Gosh, sorry for the loss of your ewe.    I'm sure the cows stressed out the sheep, but I have no experience in that.  At least no one got hurt.  Are you expecting any other lambs or just one ewe?  Hopefully she's pregnant and you will get a nice surprise.    Your babydolls look cute.  They have more wool on their faces compared to mine.  I'm trying to breed for that trait.  I have a lot of variation in looks in my flock so far.  Wonderful breed.


----------



## SheepGirl

She had twins this morning...both girls  My mom actually came and picked me up from school lol.

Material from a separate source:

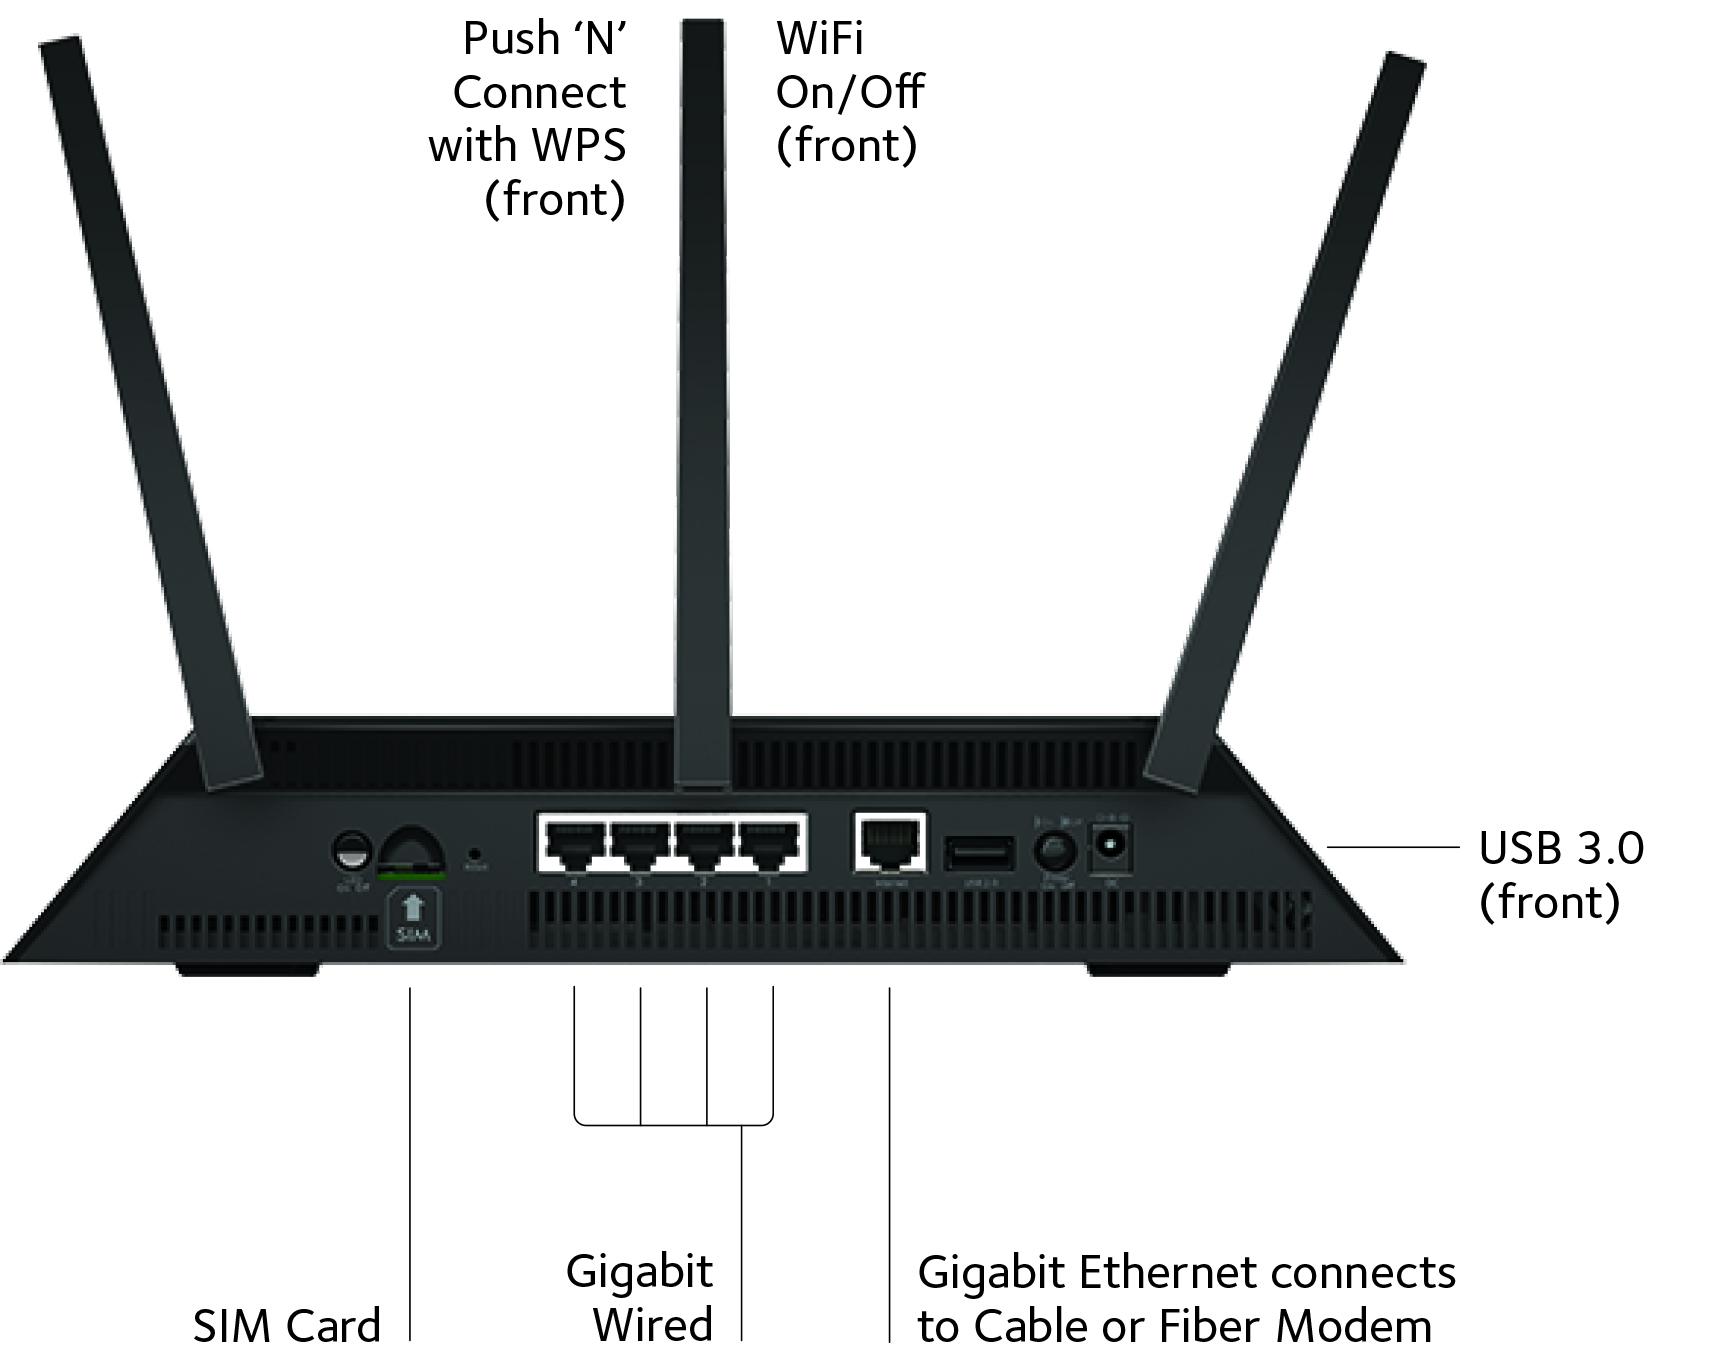 WRG-9914] Wiring Diagram For Netgear Wireless Router on netgear fuse, netgear remote control, netgear battery, netgear antenna,

And then I went to Harper's Ferry with my family...I will have pics up soon


----------



## bonbean01

Congrats on the twins!!!!  Can't wait for the photos...such a cute looking breed 

So sorry about the ewe you lost.


----------



## SheepGirl

She had QUADS! I will give a full update on Mon or Tues after my family leaves.


----------



## Queen Mum

QUADS


----------



## autumnprairie

QUADS


----------



## Southdown

Is this for real?  Wow, that is cool.  How many lambs can sheep actually have?  I've heard of triplets, but I thought that was rare.
You must share pictures.  Will you need to bottle feed to supplement?


----------



## SheepGirl

Okay...here's the complete, thorough update I promised you guys 

So I was starting to think my ewe _wasn't_ bred because she just did not have an udder (and she always udders up real heavy 2-4 weeks before lambing), even though her belly was getting big and round. Well, Friday came, and my neighbor had called my grandparents (who then called my mother) that my ewe had lambed. My mom came and picked me up from school and my cousin had came with her. I was so super anxious, but we had to stop and order a cake at Safeway for my grandmother's 70th/dad's 50th bday mini-party we were going to have the next day while the whole family was up. So I got home and she parked near the barn and there were two white babies, both girls!! (Last time when bred this way she had the exact opposite...two black boys.) So we put her in a pen with the babies and snapped a few pictures and left.

(These pictures are from when I had first gone down)











Then we headed to Harper's Ferry and stayed there for a couple hours, doing touristy stuff.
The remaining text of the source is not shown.